The biggest risk to my family right now is me. My sister works in childcare but it’s only a matter of days before she’s out of a job. My brothers and sister-in-law work together with like, four other people. They’re having their temperatures taken every morning they come to work. My dad is a cop but he’s lucky in a way, he works in a building with very few other people around him and doesn’t have to deal with the general public except for on the phone. I miss his work stories.

My partner is working from home and doesn’t leave the house, he’s going absolutely stir crazy. Mum is the same, except without the stir crazy. She loves being by herself.
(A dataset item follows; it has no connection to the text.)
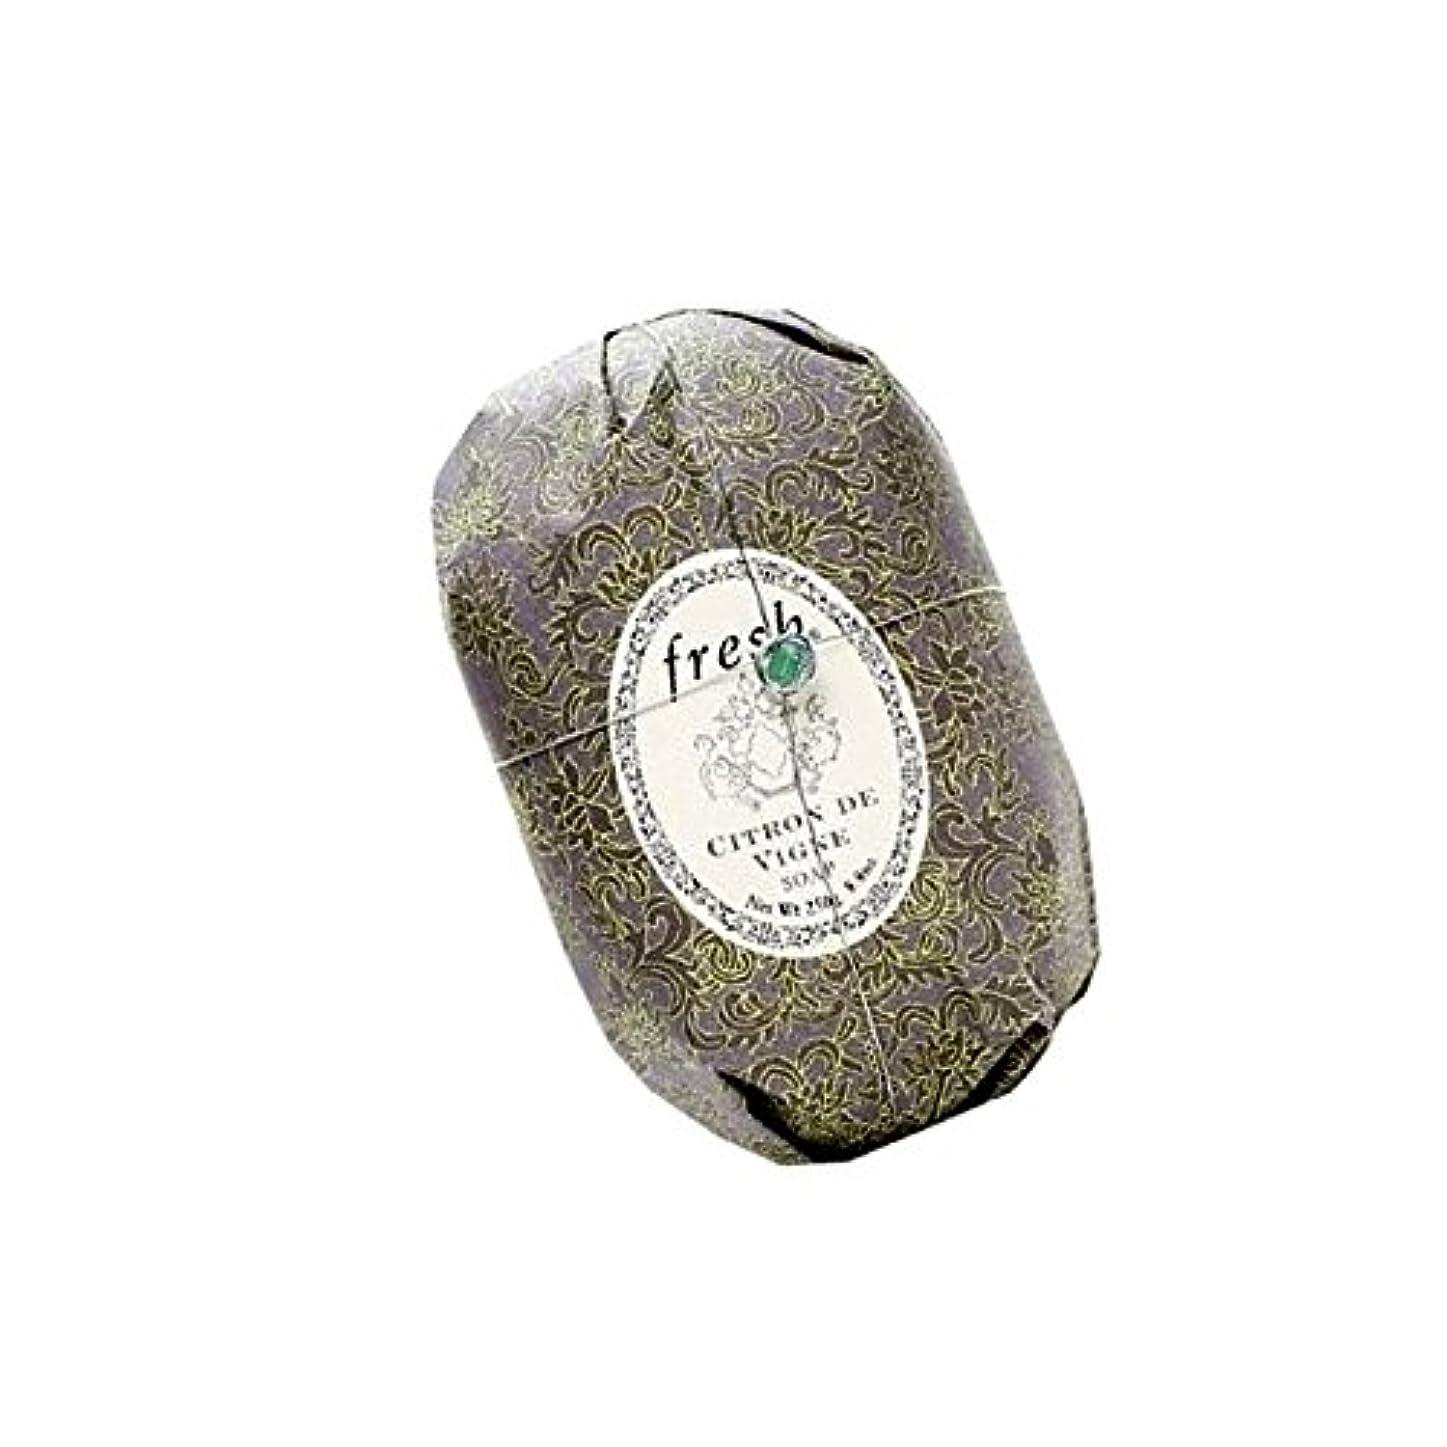 バルコニー消防士バスタブFresh フレッシュ Citron de Vigne Soap 石鹸, 250g/8.8oz. [海外直送品] [並行輸入品]

After 33 years of having at least one child and a husband in the house, she’s enjoying the peace and quiet.

So that just leaves me. It wouldn’t even be just my family that I would affect either. I’ve stopped seeing my family for everyone’s sake but I don’t know when my partner will stop going for his weekly dinner with his parents. I’m hoping soon. If I get it, he gets it. There is no real way around it unless he moves back to his parents but even then, we might already be carrying it and not know. Incubation period.

The prime minister has just announced the limits on social gatherings this afternoon and as I pulled onto my street I counted six houses with extra cars in the driveway. Just on my street, on the way to my house. It’s not a long street and I live in the middle of it. Six.

Right now I should’ve been having another drink with my brother while my nephew fought sleep and my parents wondered when us youngest two would stop fighting (probably never but it’d be weird if we did). But I’m not. I’m preparing for another week of work. Because despite in the past being told that I should “get a real job” I’m now classed as an essential worker.

For anyone who is reading this. Please, stay home. Do one big shop so you’ve got enough food to last you for a few weeks. Do some bulk cooking and freeze it. Please just stay home as much as you can. Stop making the lives of doctors and nurses across the country harder. Stop coming to the shops everyday and putting everyone at risk. Stop abusing those of us who are putting our health at risk so that your lives are made a little easier.

Oh. One last thing.

Stop hoarding toilet paper.

Sincerely,
Tired, sad and really freaking stressed out.